Overall, we were very impressed. Like all changes, it will take time to settle and become familiar. But especially when we have online divorces, the profession will see the benefits of this new style petition. It may be that there could be a few changes but these are minor in the overall scheme. All those involved in the drafting process, including the very tricky element of giving summary guidance in lay language, are to be highly commended.

In addition to the above-mentioned changes to divorce/dissolution petitions and answers, the Family Procedure Rules have also been amended in relation to FDR appointments in financial remedy proceedings and procedure under Part III of the MFPA 1984 as follows:

  • Requirement to have a FDR in Financial  Remedy Proceedings. The current r.9.15(4) provides that if the court at First Appointment decides that a referral to a FDR appointment is appropriate it must direct that the case be referred to a FDR appointment. Whilst in practice a judge at First Appointment will almost always direct a FDR appointment, r.9.15(4) is amended to provide that the court at First Appointment must direct that the case is referred to a FDR appointment unless (i) the First Appointment has been used as an effective FDR appointment or (ii) there are exceptional circumstances which make a referral to a FDR appointment inappropriate. In practice the exceptional circumstances will be set out in the order. It’s a matter for discussion as to what might be exceptional. Perhaps one party having to travel a long distance, either internationally or at disproportionate cost. Perhaps when there already has been a roundtable meeting with lawyers present, although some judges will not consider this exceptional.
  • Part III MFPA 1984 Applications. At the moment r.8.25 provides that the court may grant an application under Part III which has been made without notice to the respondent if it appears that there are good reasons for not giving notice. If the application has been made without notice the applicant is also required to state why notice has not been given. From 7 August 2017 r.8.25 instead provides that the application must be made without notice to the respondent and (unless the court considers it appropriate to be determined on notice) also determined without notice to the respondent. This will bring the FPR in line with what the courts have been doing in practice for some time and accords with the recommendations made by the Financial Remedies Working Group in 2014.

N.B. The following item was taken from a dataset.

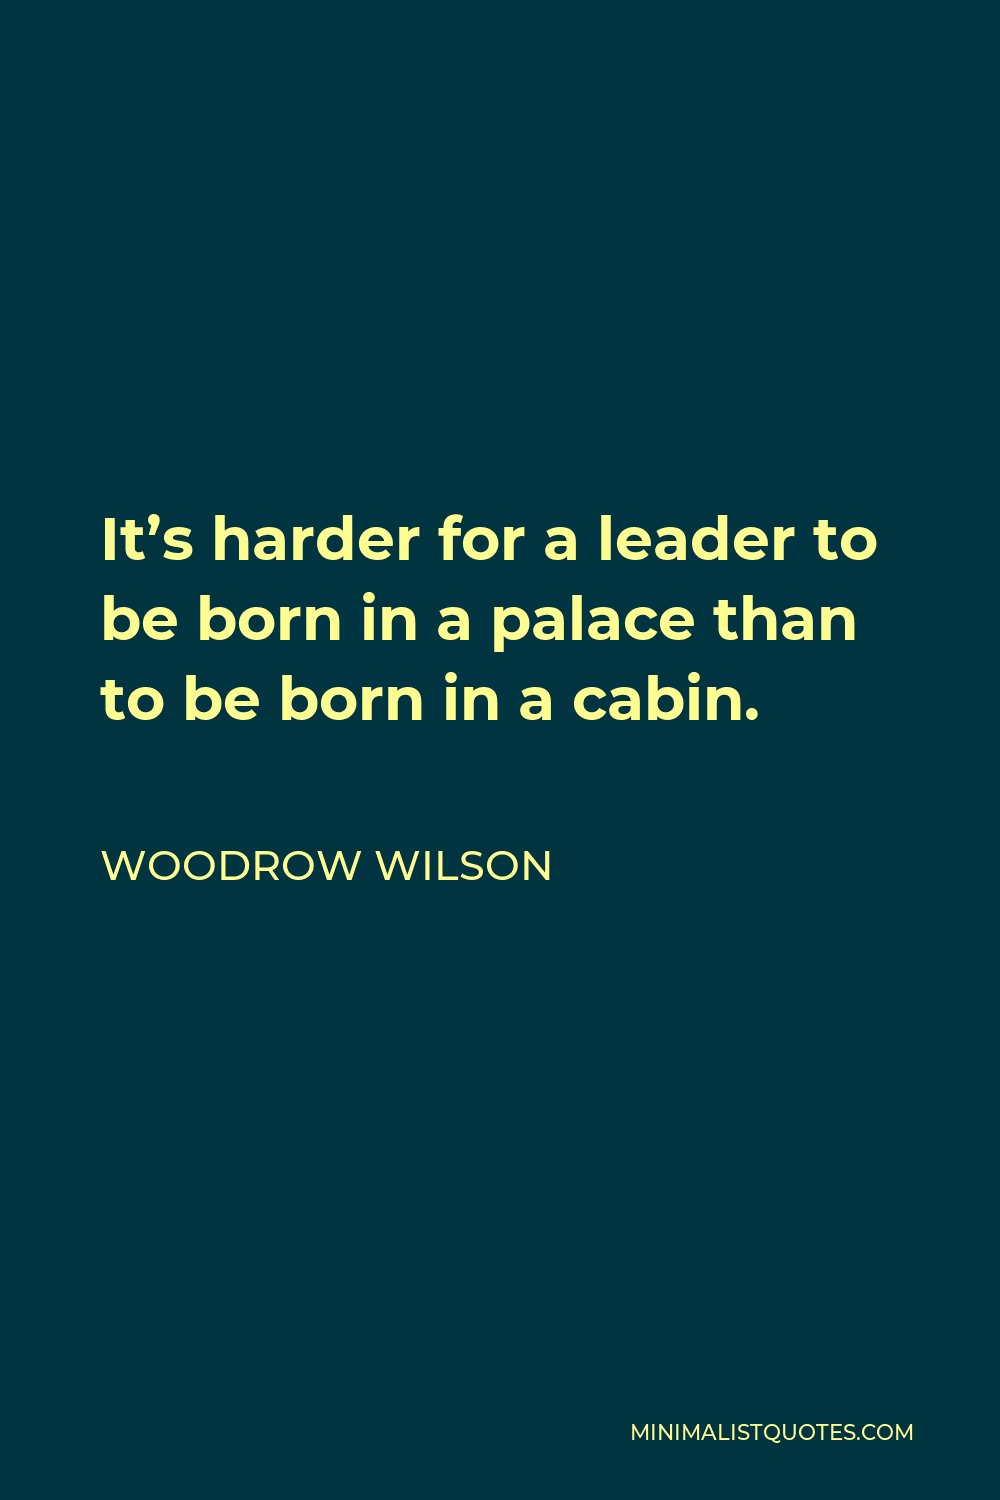 Woodrow Wilson Quote - It’s harder for a leader to be born in a palace than to be born in a cabin.

  • Part III Allocation. At present r.8.28 provides that if a leave application under Part III is granted a High Court judge may direct that the rest of the application may be heard by a district judge of the Principal Registry. From next month that Rule shall be removed and r.8.23 will be amended to include a signpost to The Family Court (Composition and Distribution of Business) Rules 2014 which contains guidance as to which level of judge applications under Part III should be allocated. The existing reference in r.9.5(3) to the level of judge able to hear Part III proceedings will also be removed and the above-mentioned 2014 Rules will govern allocation.